Interview: Ángel Gurría

What are the OECD predictions for Mexico’s economic growth in the near term?

ÁNGEL GURRÍA: Forecasts have been downgraded due to weaker-than-expected growth at the end of 2018 and in the first half of 2019. The economy experienced negative growth in the first quarter of 2019 and grew only slightly in the second quarter due to both external and internal factors. Some of these factors are transitory, such as the disruptions in fuel supply or the labour strikes at the beginning of 2019. Looking ahead, we expect economic activity to pick up, with GDP growth of around 1% in 2019 and 1.8% in 2020. Consumption is set to strengthen on the back of robust remittances, lower inflation and higher social transfers, but policy uncertainty and trade tensions will continue to restrain private investment and exports. Indeed, to boost Mexico’s growth prospects, it is crucial to reduce policy uncertainty, which is dampening investment sentiment. Internally, enhancing the rule of law, reducing violence and boosting competition are key to increasing business confidence and investment.

Prospects would improve if the trade agreement with the US and Canada was ratified by those countries. Trade tensions between the US and China, along with weak growth in the global economy – including in the US – is denting exports and growth. Uncertainties related to migration and trade tariffs could also weigh on investment and growth. In addition, Mexico is being affected by market turbulence in other emerging economies, leading to capital outflows, asset repricing and increases in sovereign financing costs that could deteriorate its fiscal situation. Nonetheless, Mexico’s macroeconomic fundamentals remain solid, which should help the authorities navigate this turbulence.

With the lowest tax revenue as a share of GDP in the OECD, how can Mexico improve collection?

GURRÍA: First, tax bases are very narrow in Mexico, mainly because there are many exemptions. These exemptions limit fiscal resources and, importantly, are very regressive, so they tend to benefit the most affluent individuals. Gradually eliminating exemptions in corporate income tax, value-added tax and personal income tax would help not only collect more revenue, but do so in a more fair way. There is also scope to improve the property tax system, by building a nationwide property register, for example.
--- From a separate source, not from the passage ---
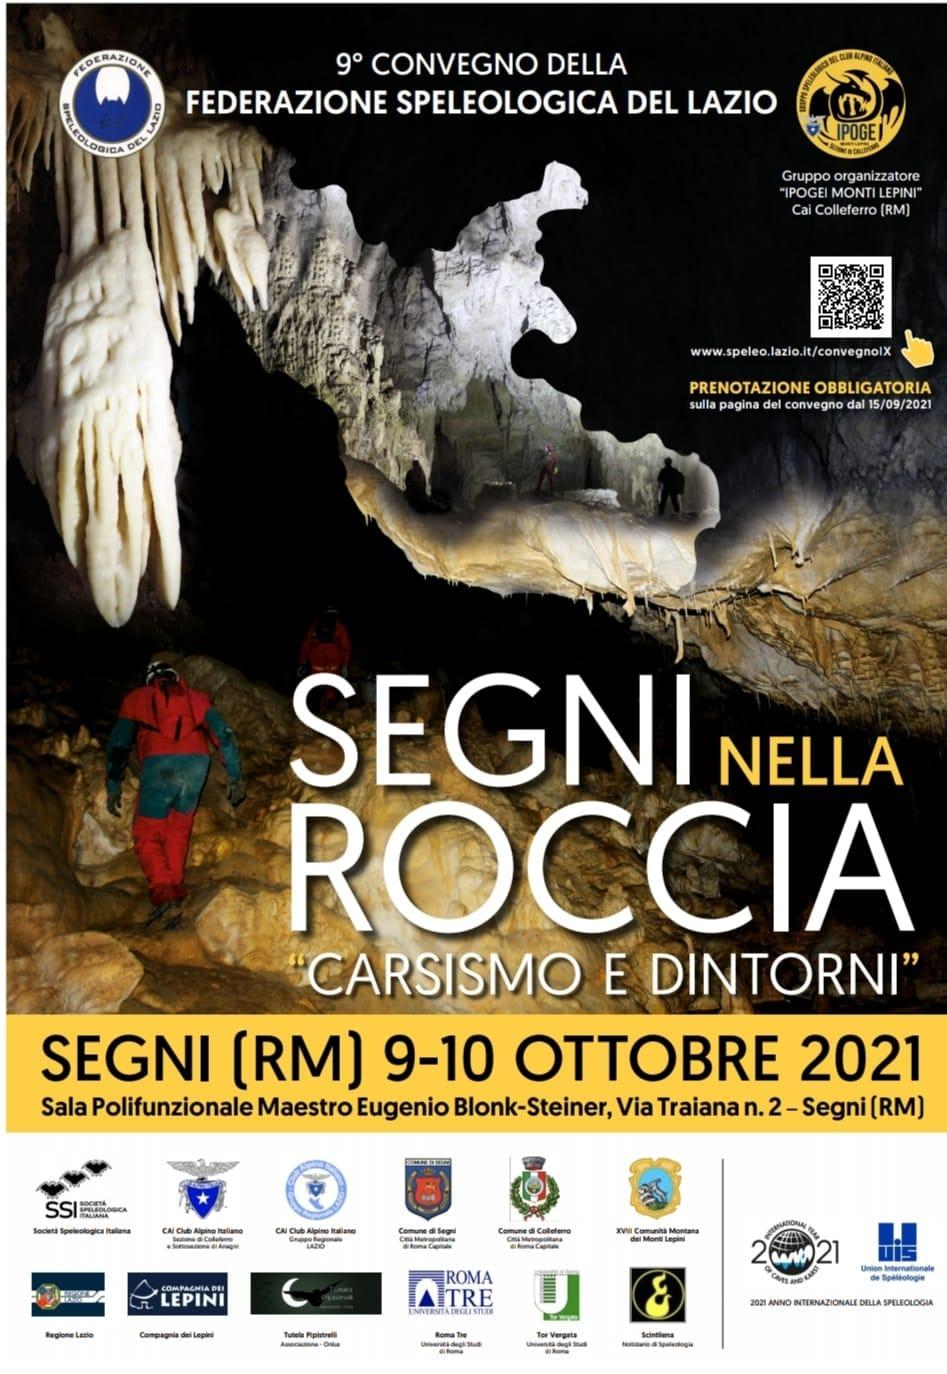 """Segni nella roccia - """"Carsismo e dintorni"""" @ Sala Polifunzionale Maestro Eugenio Blonk-Steiner"""

Second, tax avoidance and evasion continue to be very high. Further strengthening the tax administration with adequate staffing and funding would pay off, as it would help raise more revenue. However, this effort has to be accompanied by a parallel effort to improve public spending by making it more transparent and accountable, raise the quality of public services, and strengthen the rule of law and the fight against corruption.

To what extent can the country’s labour market competitiveness be improved?

GURRÍA: When looking at talent attractiveness rankings, Mexico ranks particularly low on indicators related to quality of life and inclusiveness. Concerning quality of life, violence and corruption weighs heavily on Mexico’s ability to attract talent. Ongoing efforts to improve the rule of law would enhance Mexicans’ quality of life and thus increase the country’s ability to attract more talent. Labour regulations can also be improved to reduce the regulatory burden on firms. Progress has been achieved in reducing regulatory burden at the federal level, but regulations remain burdensome at the state and municipal levels.

Another contributing factor is the country’s low levels of investment in research and development (R&D), which are among the lowest in the OECD. Improving investment in R&D, boosting the quality of higher educational institutions, enhancing the skills of the workforce, providing workers lifelong learning opportunities, and public support for science and technology will be crucial to attracting international talent to Mexico.